Midfield: un ultimo giorno di scuola tra strategie e sorpassi spettacolari

Arrivando ad Abu Dhabi, era tanti i temi di discussione che caratterizzavano la midfield: chi avrebbe conquistato il sesto posto nel mondiale piloti tra Pierre Gasly e Carlos Sainz Jr.? Come sarebbe stata l’ultima gara con la Renault per Nico Hulkenberg? La squadra francese sarebbe riuscita a difendere il quinto posto nel mondiale costruttori dalla Toro Rosso? Se nelle posizioni di testa il Gran Premio è sembrato abbastanza scontato in termini sia di performance che di risultati, a centro gruppo, la gara di Yas Marina ci ha regalato tanto spettacolo e una grande varietà di strategie, le quali hanno sicuramente reso questo ultimo appuntamento del mondiale davvero interessante.

A guadagnarsi per l’ultima volta il titolo di “best of the rest” è stato Sergio Perez, il pilota della Racing Point autore di una grandissima corsa, fatta di una gestione gomme eccezionale, come spesso ci ha abituato.
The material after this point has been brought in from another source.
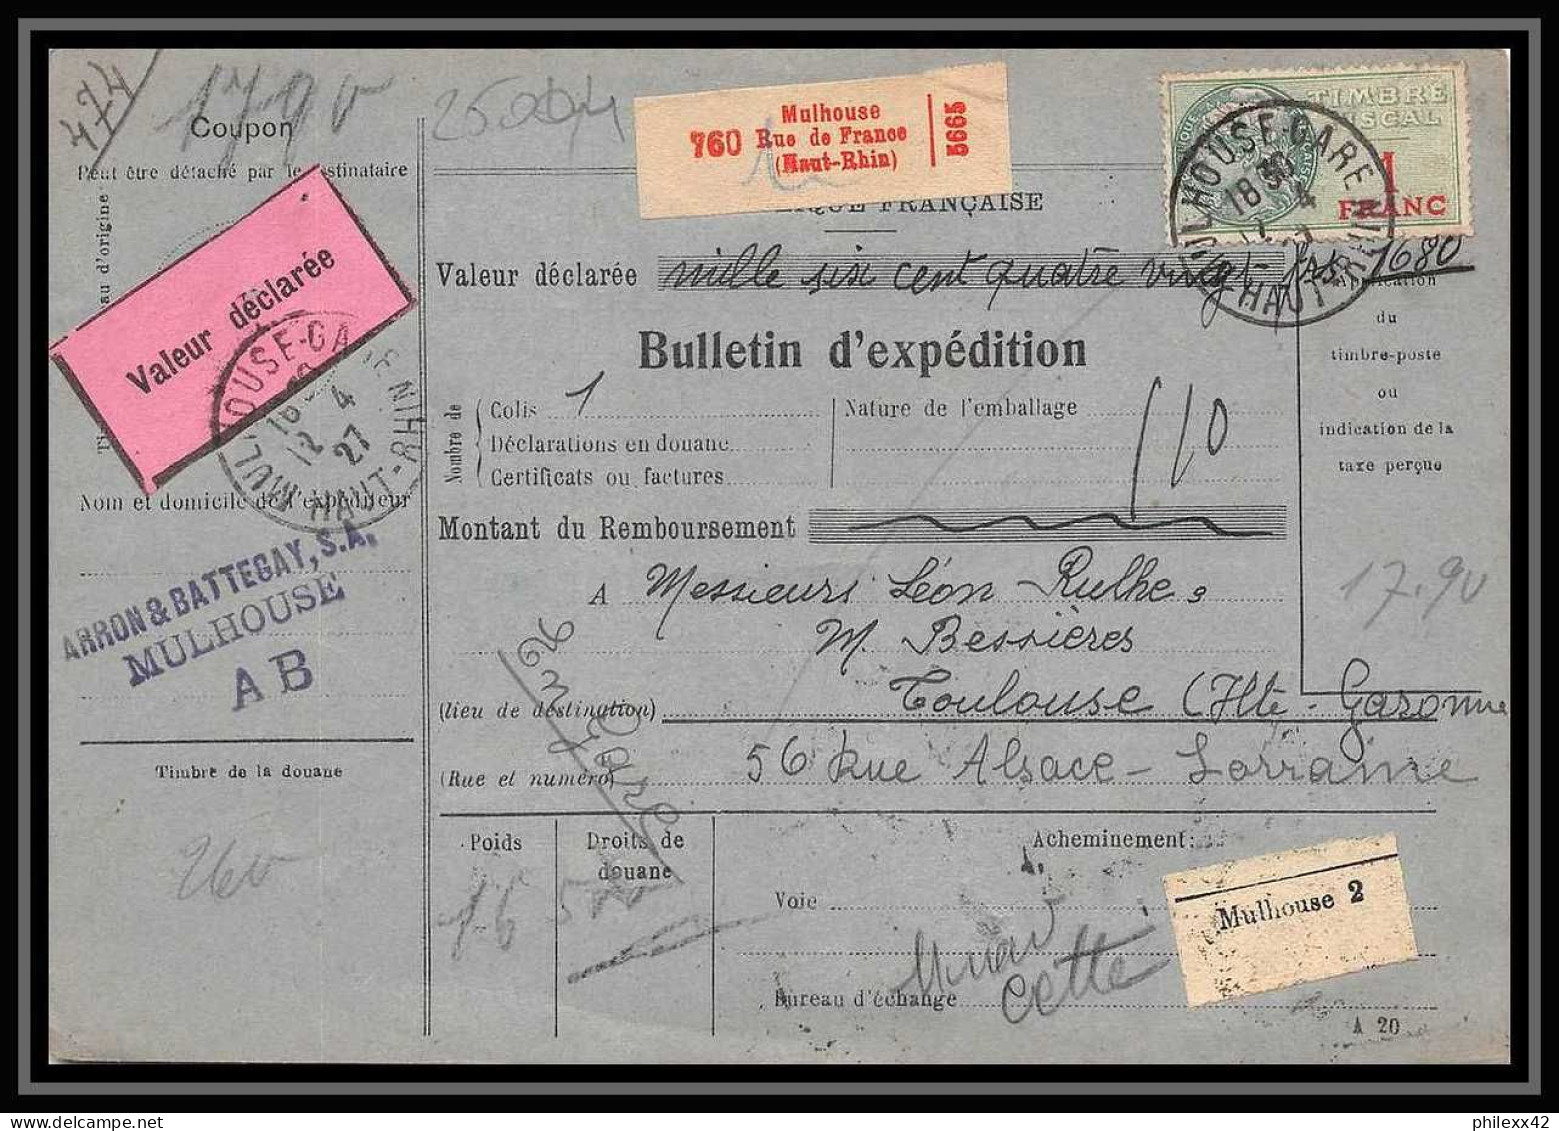 25004 Bulletin D'expédition France Colis Postaux Fiscal Haut Rhin - 1927 Mulhouse Merson 123+207 Valeur Déclarée - Covers & Documents

Già al venerdì era sembrato chiaro che il messicano avesse potenzialmente il passo per riuscire a centrare un buon risultato alla domenica e indubbiamente l’undicesimo posto (poi decimo con la penalità a Bottas) delle qualifiche gli aveva dato anche una grossa mano da questo punto di vista, permettendogli di avere libertà in tema gomme per cui partire sulla media, una mescola più versatile e duratura, al contrario di chi aveva davanti a sé che sarebbe invece partito con la soft. Le prime fasi di gara sono state però un po’ movimentate per “Checo”, il quale era stato coinvolto nell’incidente tra Pierre Gasly e il compagno di team Lance Stroll, senza però riportare alcun danno di sorta: ciò però gli aveva fatto perdere diverse posizioni, vedendolo così costretto a rimontare e recuperare ciò che era stato perso nonostante inizialmente non fosse nemmeno possibile utilizzare il DRS. Con il prosieguo della corsa, il pilota della Racing Point ha dimostrato ancora una volta perché sia uno dei migliori nella gestione degli pneumatici, facendo durante quel set di partenza ben 37 giri, prima di passare alla hard per un ultimo stint tutto all’attacco. Il vero capolavoro è stato però quello compiuto nell’ultimo giro, nella battaglia con Lando Norris per il settimo posto finale: dopo aver tentato più volte di trovare uno spiraglio, mancavano solamente poche curve alla bandiera a scacchi. Nel tentativo di difendersi e portare a casa una settimana posizione che avrebbe anch’egli meritato, Lando Norris aveva scelto di approcciarsi a curva 11 con una linea particolarmente difensiva, restando al centro della pista, in modo che il suo avversario non avesse abbastanza spazio per tentare un attacco sull’interno, senza però compromettere esageratamente la percorrenza delle curve successive.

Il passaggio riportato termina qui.